We did a test on the motor to see the minimum speed it requires to get the Sciborg moving. The results vary, but overall the Sciborg would start moving when the speed is above 50. The next step was to make the Sciborg turn. This is not hard to implement. The Sciborg would turn if the two wheels are moving at different speeds, because this implies that the wheels will travel for a different amount of distance in the same time period (d=v*t). We made the left wheel move at speed 255 and the right move at speed -255. In general, the smaller the difference between the speeds of the two wheels is, the gentler the turn.

At this point, it was clear that the Sciborg does not drive straight. I suspect that there are multiple reasons. First is that the free wheel is not completely frictionless. As a result, a slightly different positioning of the front wheel will cause the Sciborg to deviate from the original route. The center of weight of the lego structure is also not aligned at the center of the structure, causing the car not to move straight. I suspect that the motor may also differ slightly. The best we could do was to adjust the speed to 235 in the left wheel and 255 in the right wheel. We also made the motored wheels the back wheels. However, the Sciborg still shifts variously each time we let it run.

Anyhow, since the Sciborg does not move in a certain direction consistently, it was rather hard to estimate a time for which the Sciborg would stop after 10 ft. We made the time at around 10 seconds, and the Sciborg would stop near the finish line within +/- .5 ft.

The next step is to use a touch sensor. We have a touch sensor at the end of the motored wheels. As a result, the motored wheels must be in the front. In the program for touch sensor, there are two delays. This is to allow the program to debounce. Normally, the metal in the sensor may send multiple signals if there is a slight change. However, having the delay allows the program to debounce, which receives and processes the very first signal as opposed to all sequential signals. Here is our code which makes the Sciborg back off and turn and then continue when the touch sensor is activated.

Note that we have been through some modifications. We wanted the Sciborg to only turn slightly, so we initially used speed1*=-1.5 and speed2*=-1 as our turning speed. It turned out that as the loop goes through over and over, the speeds would multiply itself and thus the Sciborg did not act consistently.
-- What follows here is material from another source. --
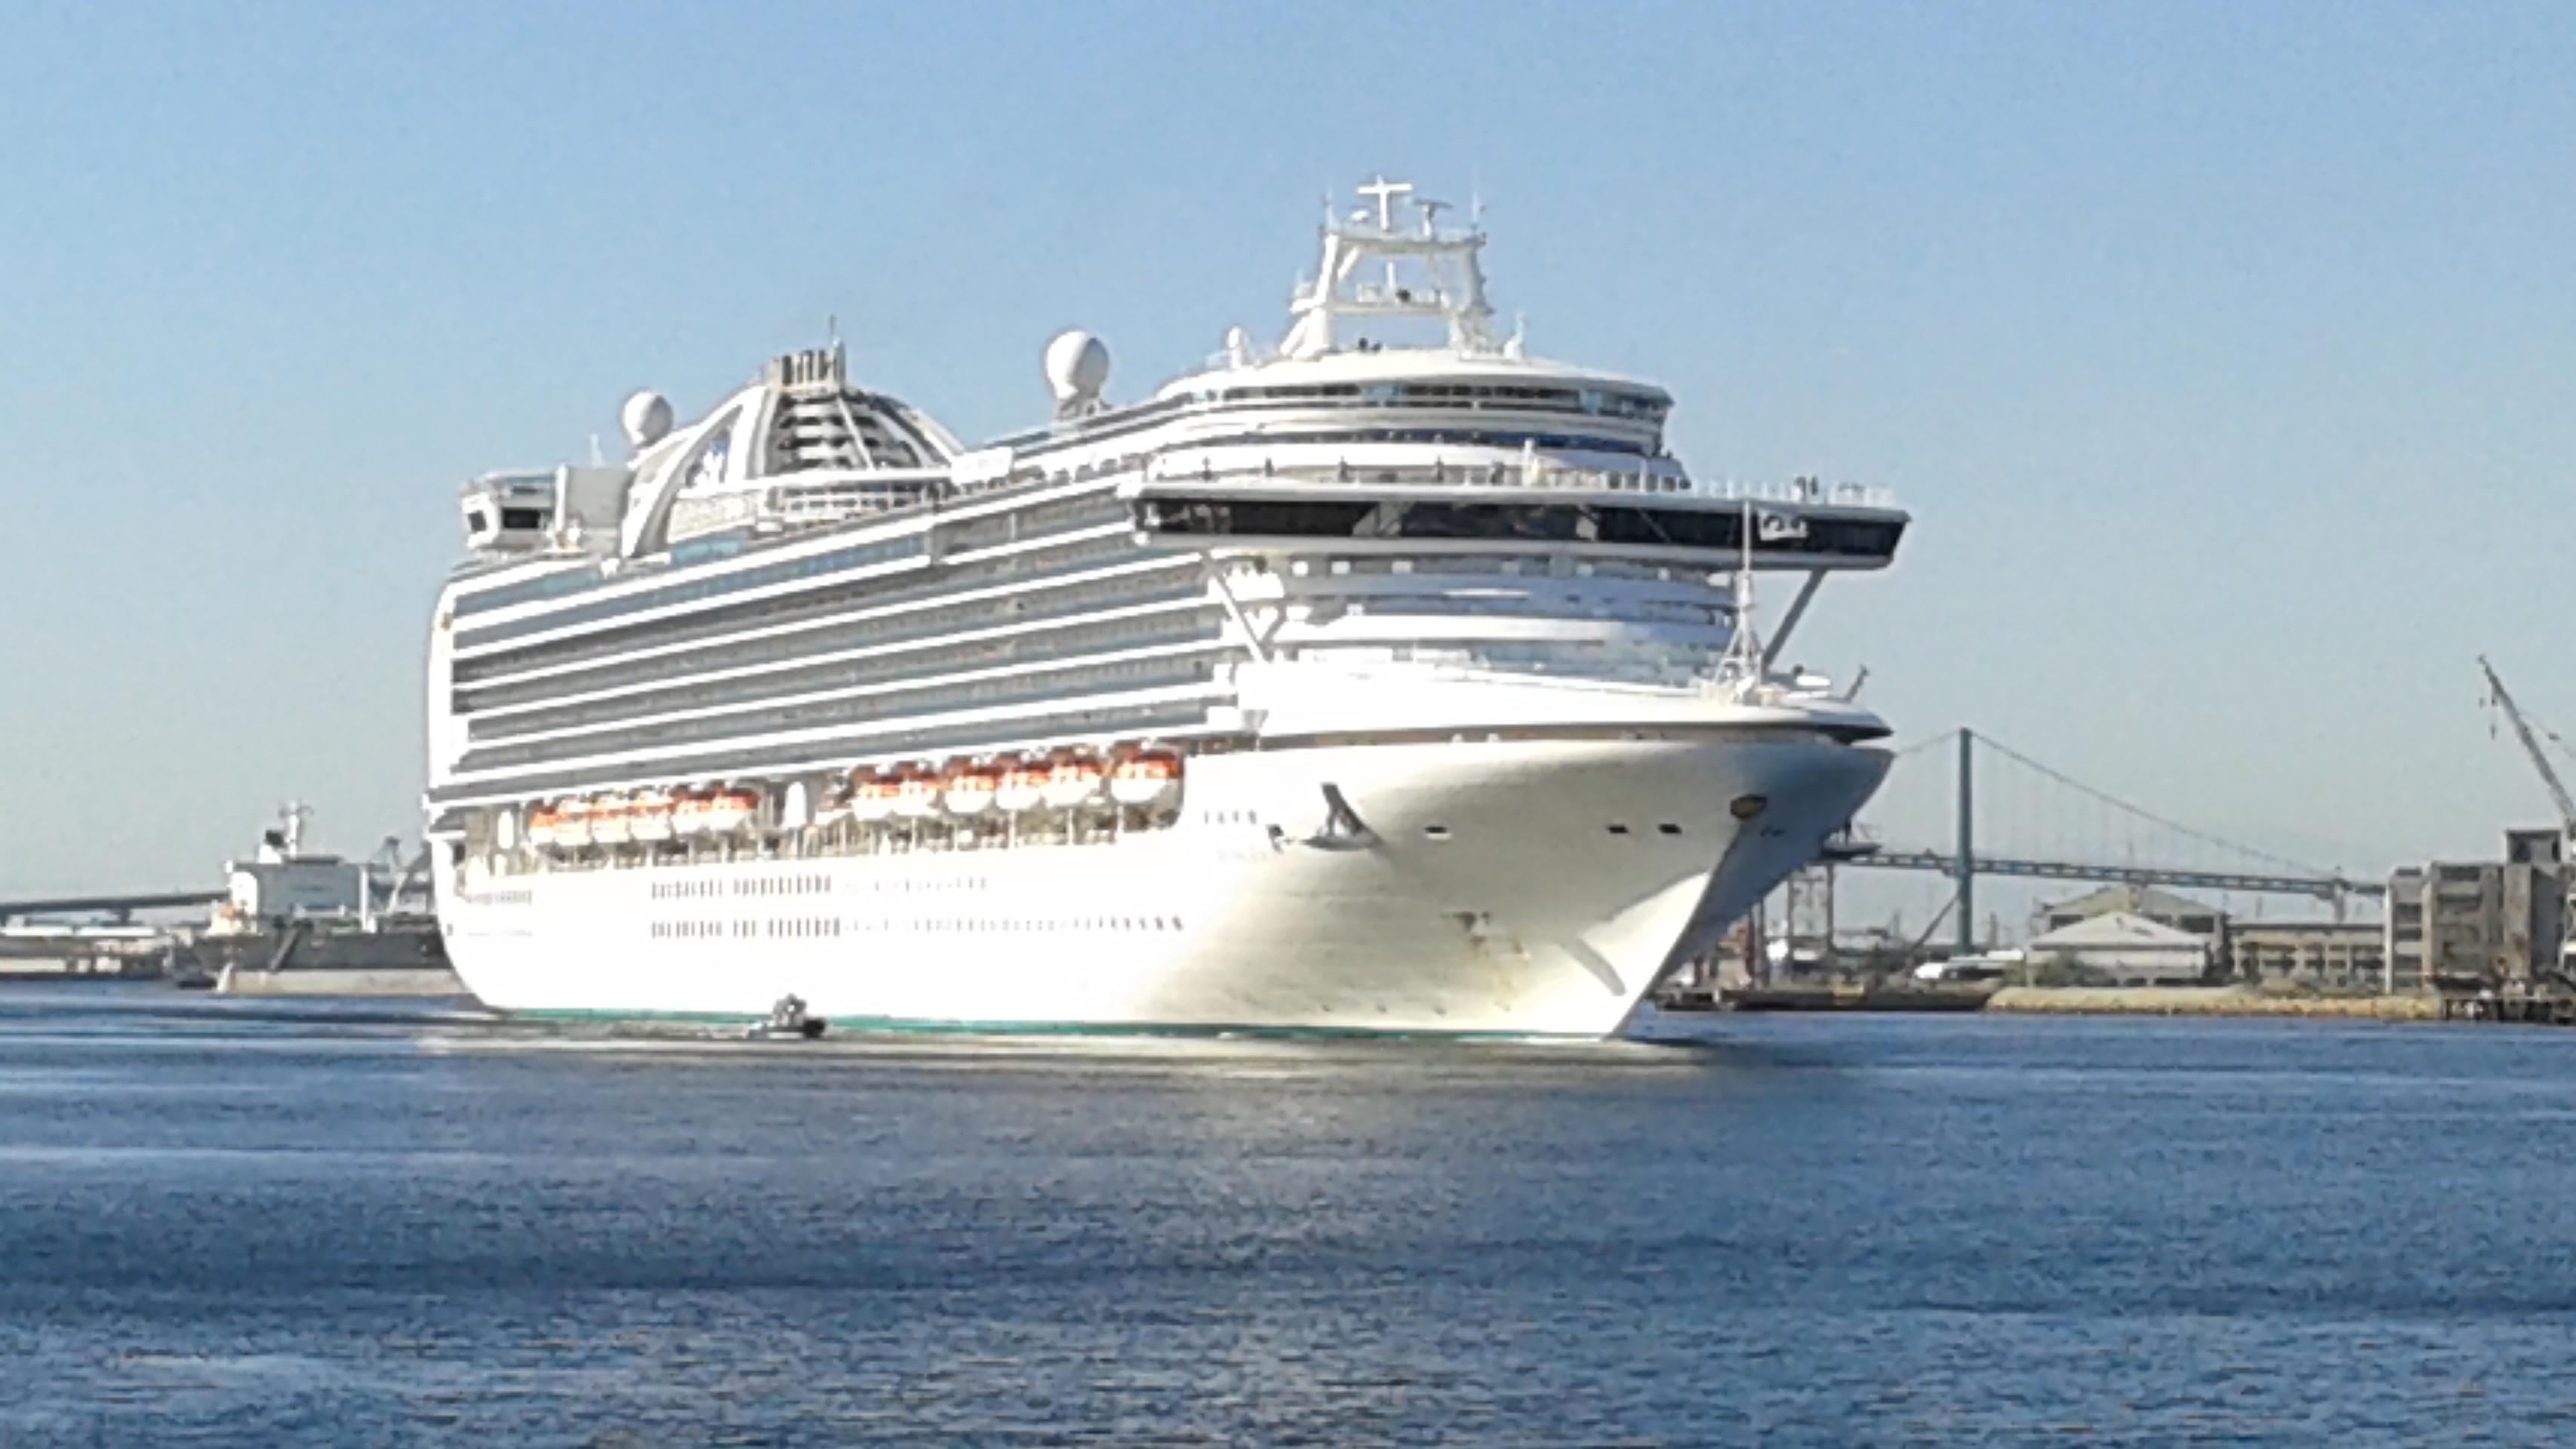 All Events For Ruby Princess Port Of Los Angeles San Pedro Calendar - Cruise to ensenada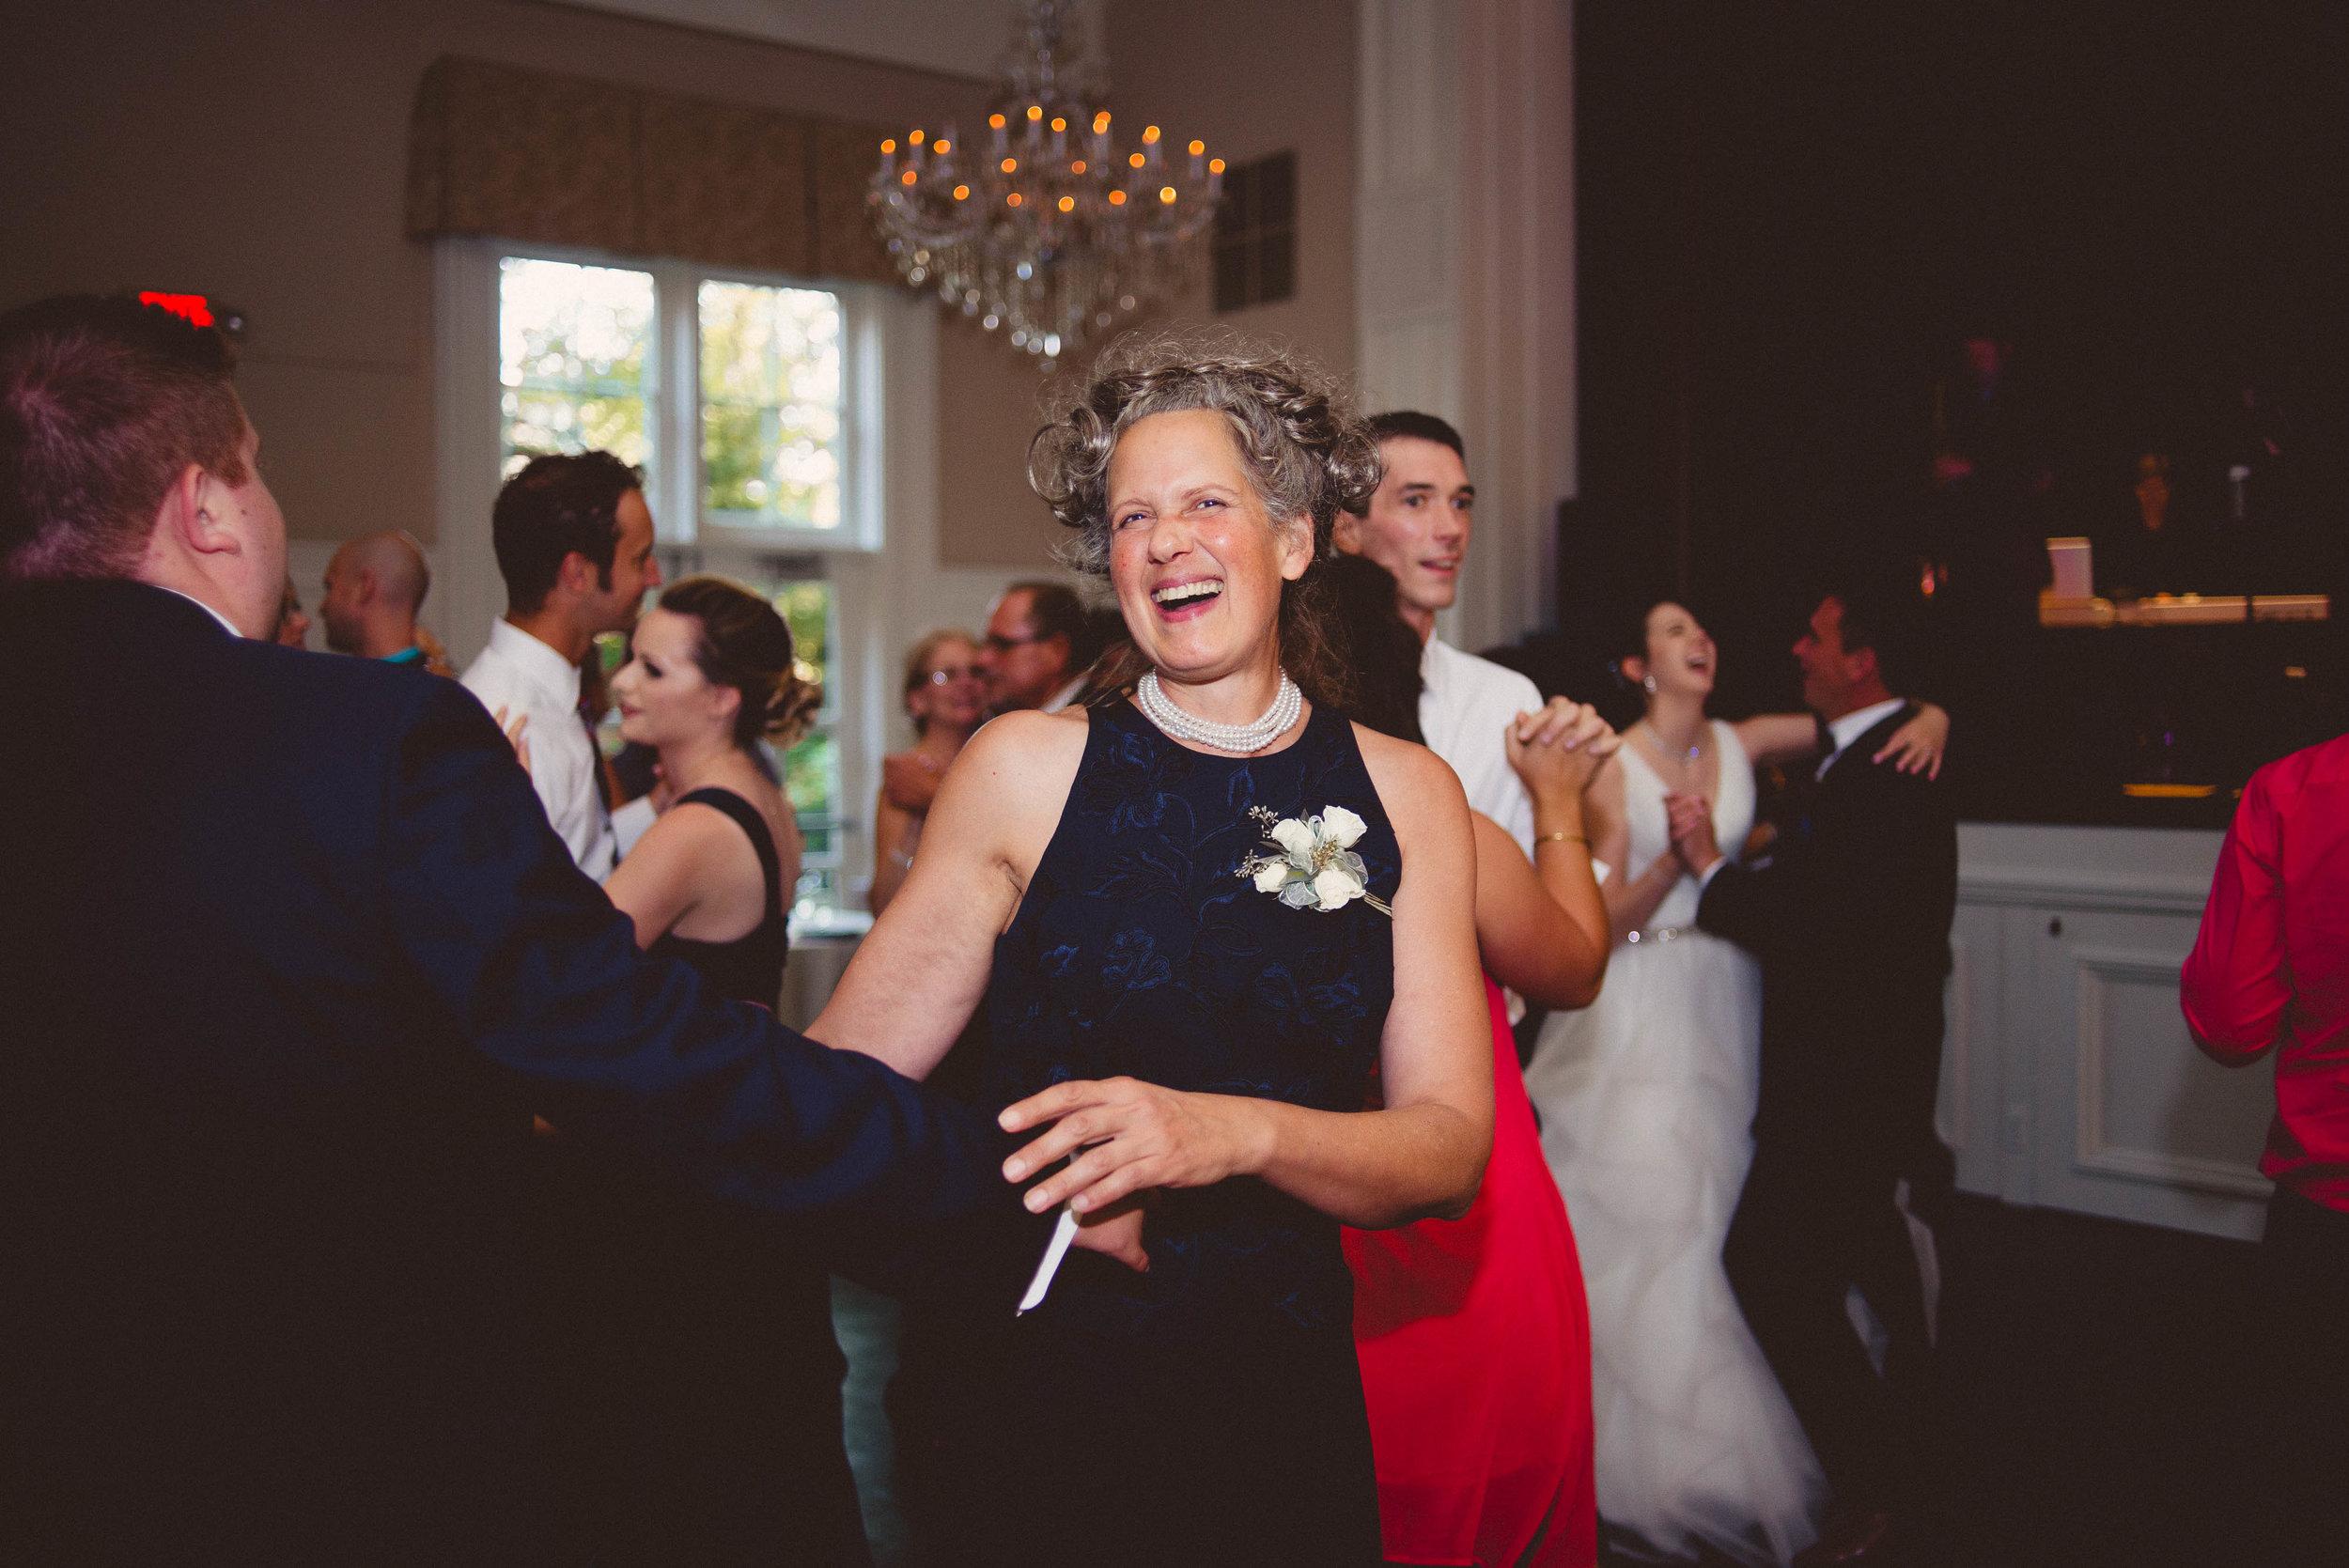 Kara and Mike Wedding-20160904-19-19-54.jpg

It turned out that the "=" updates the speed to the new result, which is something we were not aware of. We thus changed the modification to -1 and 1 but make the delay time shorter, so that the Sciborg would not turn as much. Here is the result.

Day 4

Today we started with Encoders. The encoder is a sensor in the motor that records how many times the shaft has rotated. Here is the code.

This basically makes the car go forward for 200 counts and backward for 400 counts, and records the turn of shaft at the same time. Note that we only used one motor in this case, which means that only one wheel was motored. The recording starts at 0, because the shaft does not turn. If physics worked perfectly, the recording should also end at 0. However, this was not true in our case. I suspect that the Sciborg starts in a still state, but when the Sciborg changes the direction it moves, it starts in a moving state. As a result, the momentum and speed would be different, causing the distance traveled to be different. The friction and other elements that control how much and how easily the Sciborg moves may also differ when the motored wheels change from the back wheels to the front wheels.

The second project requires us to use the sensor at the end of the free wheel. The sensor controls the LED light attached to the Arduino. We wrote a code so that the LED would turn on when the sensor is pressed down and would be off otherwise.

If the else statement was deleted, the LED would stay on forever after the sensor is pressed. This is because there is no command that tells the LED to turn off.

Now the last project we worked with was the Ultrasonic sensor. Here is the code.

Note that here, the sensor detects the object every half second. The closer the object is, the smaller the Analog reading is.